Objective
The only possible solution to increase the patients’ fatality rate is lung cancer early-stage detection. Recently, deep learning techniques became the most promising methods in medical image analysis compared with other numerous computer-aided diagnostic techniques. However, deep learning models always get lower performance when the model is overfitting.
Methods
We present a Lung Cancer Data Augmented Ensemble (LCDAE) framework to solve the overfitting and lower performance problems in the lung cancer classification tasks.
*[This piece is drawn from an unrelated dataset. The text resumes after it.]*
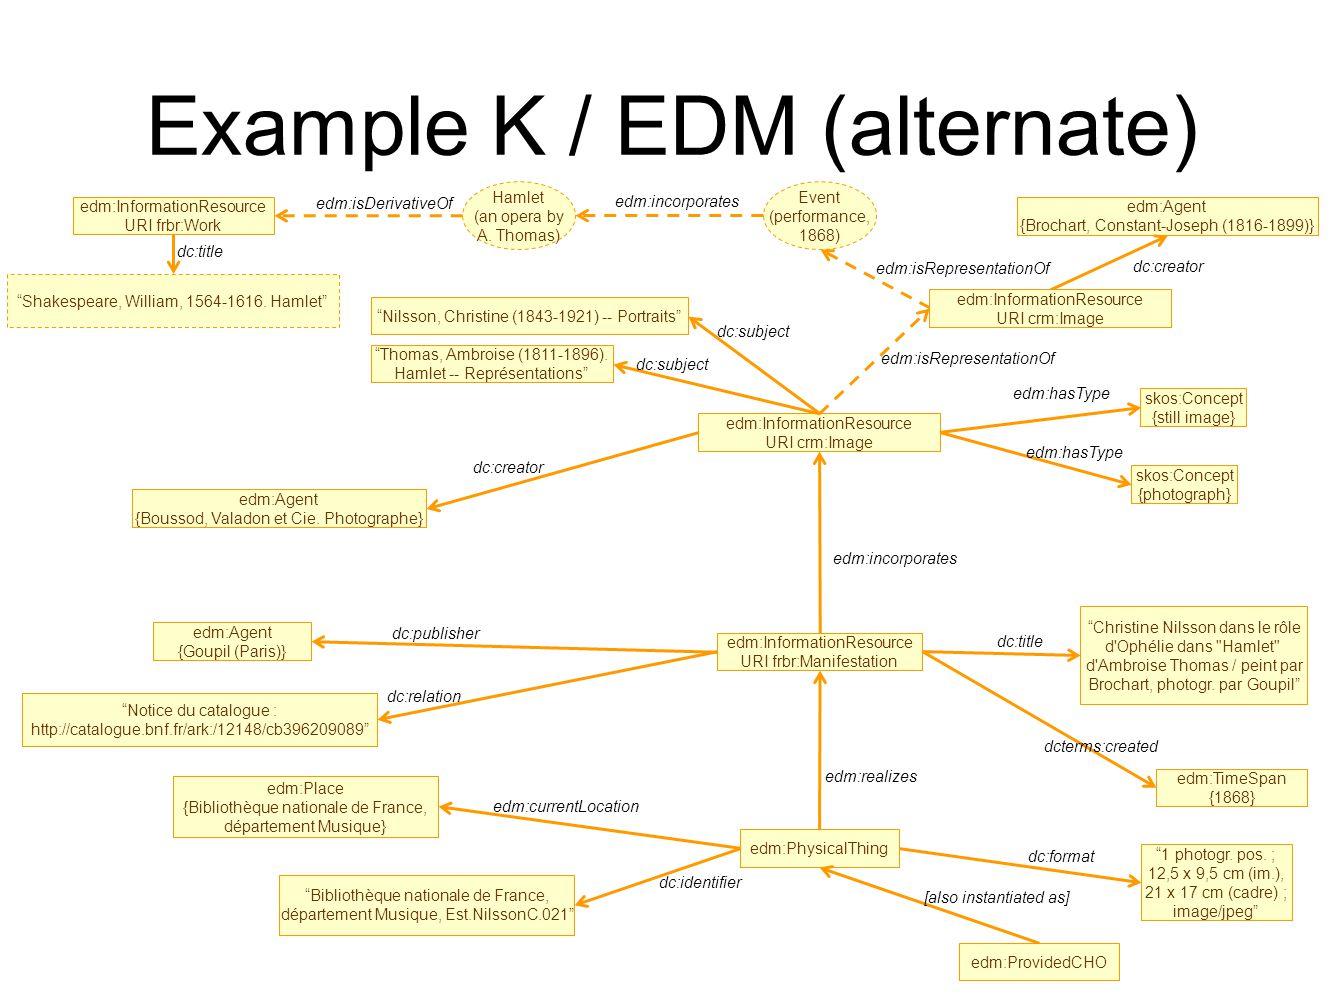 Example K / EDM (alternate) edm:InformationResource URI crm:Image edm:Agent {Boussod, Valadon et Cie.

The LCDAE has 3 parts: The Lung Cancer Deep Convolutional GAN, which can synthesize images of lung cancer; A Data Augmented Ensemble model (DA-ENM), which ensembled 6 fine-tuned transfer learning models for training, testing, and validating on a lung cancer dataset; The third part is a Hybrid Data Augmentation (HDA) which combines all the data augmentation techniques in the LCDAE.
Results
By comparing with existing state-of-the-art methods, the LCDAE obtains the best accuracy of 99.99%, the precision of 99.99%, and the F1-score of 99.99%.
Conclusion
Our proposed LCDAE can overcome the overfitting issue for the lung cancer classification tasks by applying different data augmentation techniques, our method also has the best performance compared to state-of-the-art approaches.